Most of the data in the data archive at PRI must be read by columns. There are no spaces between the variables, although there may be embedded spaces in character variables. There are several advantages to reading data in columns.
  • Variables can be read in any order.
  • Character variables can have embedded blanks
  • Variables or parts of variables can be reread

There may be multiple observations/rows per line of input data or it may require multiple lines of raw data to construct one observation in the dataset. SAS provides the ability to read the data.

Some of the control characters that may appear in input statements:

  • @n starts reading data in column n
  • +n moves the pointer n columns
  • / moves the pointer to the beginning of the next line
  • @ at the end of an INPUT statement holds the line for the next INPUT statement.
  • @@ holds the input line for further executions of the DATA step.
  • #n specifies a line in the input buffer (used with INFILE N= option)

 

The following examples of the input statement are taken from code in the data archives.

 


INPUT

   V14801 1-3             V14802 4-7             V14803 8-9

   V14804 10-12           V14805 13-17           V14806 18

   V14807 19              V14808 20              V14809 21

;

This example uses column numbers to input numeric variables.


 


DATA ONE;

INFILE TEST3A LRECL=7925 N=4;

INPUT

FILEID $ 1-8

STUSAB $ 9-10

SUMLEV 11-13

;

This input statement also uses column numbers to input the variables. Note that the variables FILEID and STUSAB are character, and SUMLEV is numeric. In addition, the INFILE statement needs a LRECL statement (the raw data is longer than 256 characters). The N=4 is used because 4 lines of raw data are needed for each observation (row) in the dataset.

INPUT

        @2 REG $1.        @2 STCD $2.

        @4 HOSPNO $4.

@1 ID $7.

@8 DBEGM 2. @10 DBEGD 2. @12 DBEGY 2.

@8 DTBEG MMDDYY6. ;

This input statement uses the column pointer (@n) to tell the program where to start reading the data. Rather than specifying the column numbers, an informat is used to specify the length. Several columns are read multiple times to create different variables. STCD is composed of REG, and the character in column 3. ID is composed of column 1, STCD, and HOSPNO. The month, day, and year are being read as numeric values. The date is also being converted from mmddyy format to a SAS date value by reading the month, day, and year values with an informat.

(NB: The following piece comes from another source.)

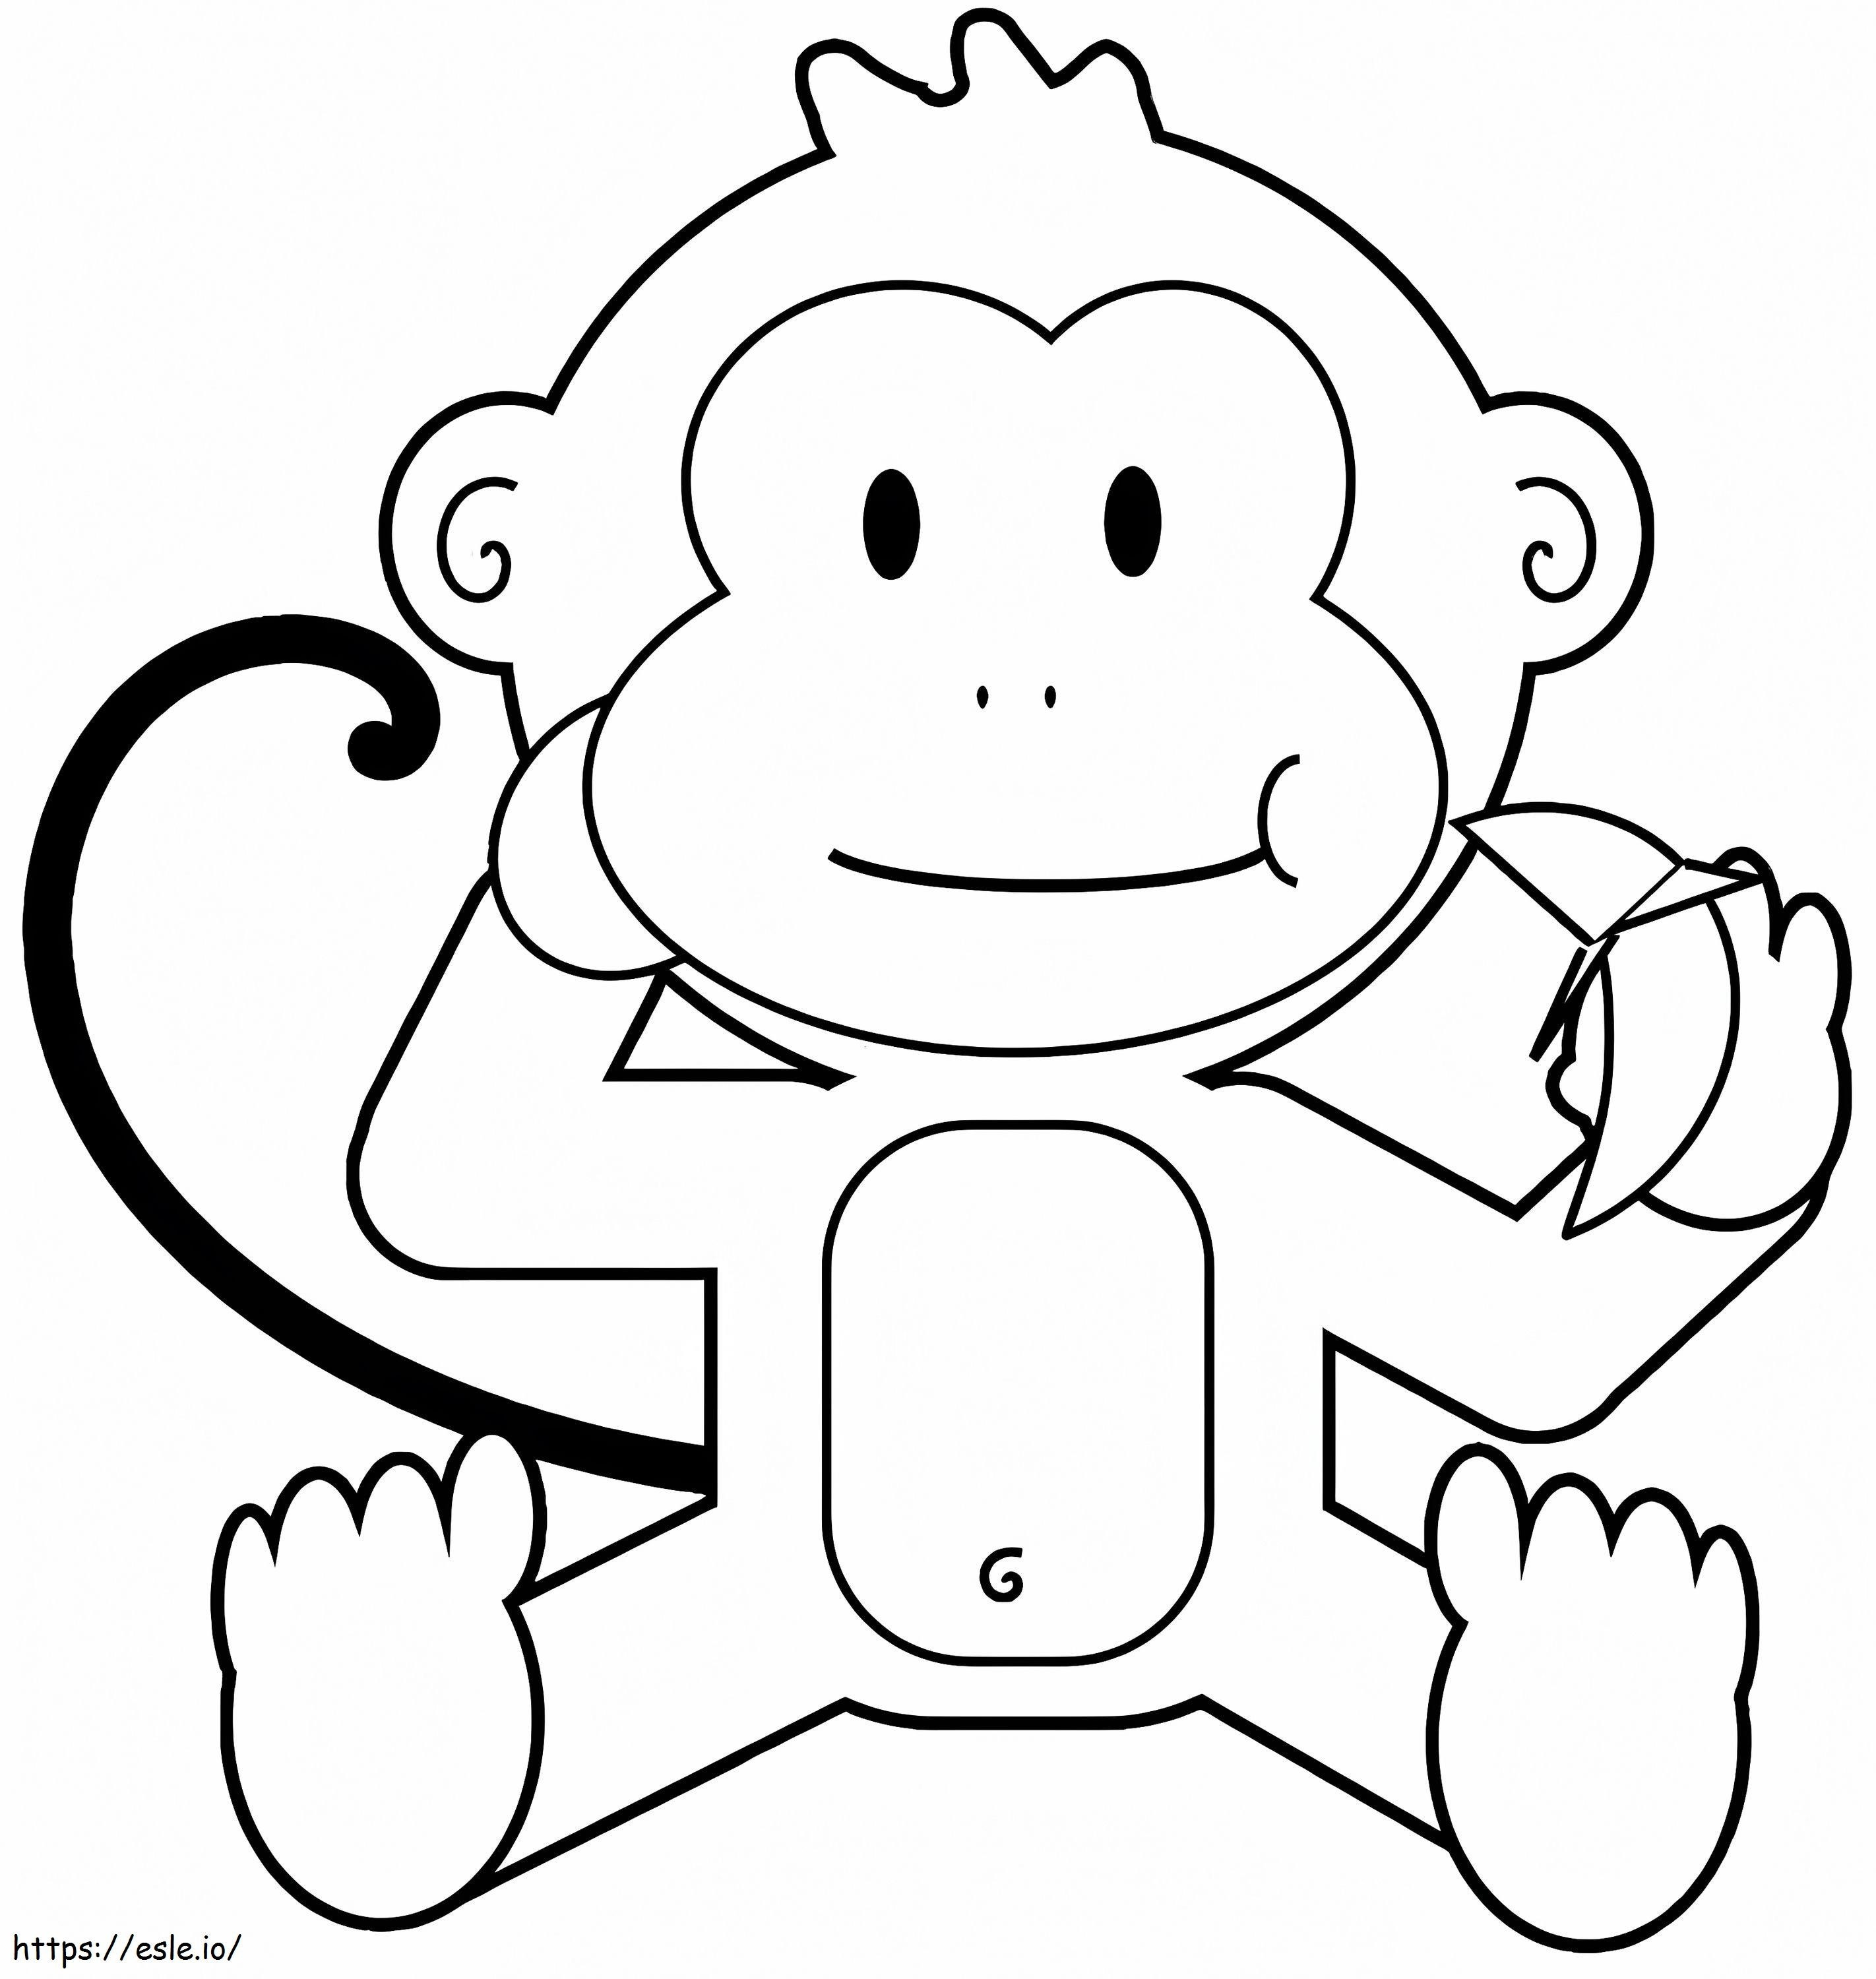 Cartoon-Affe, der Banane isst ausmalbilder

Always check your SAS log! The SAS log will tell you the number of lines of raw data that were input and the number of observations output. Make sure the number of lines read, and the number of observations correspond. The SAS log will also tell you the number of variables in the dataset.

 


Arithmetic Operators

Numeric variables can be created or modified using arithmetic operators. They are:

  • + Addition
  • - Subtraction
  • * Multiplication
  • / Division
  • ** Exponentiation

For example:

 

a = b + c;         a = b + 1;      
x1 = a - 8;        males = total - females;
d = z * 5;         f = d * e;
h = i / j;         average = total / number;

Performing an arithmetic operation on a variable with a missing value results in a missing value.

 

 


Assignment Statements

Variables can be created or modified by using an assignment statement. Note that no special keywords such as "ASSIGN" or "COMPUTE" are needed.

 

year = 1996;       percent = 105.72;
city = 'Boston';   zipcode = '00101';	

Functions

SAS has hundreds of built-in functions that modify data. There are functions to perform arithmetic operations, character manipulation, elementary statistics, manipulate dates and time, among others.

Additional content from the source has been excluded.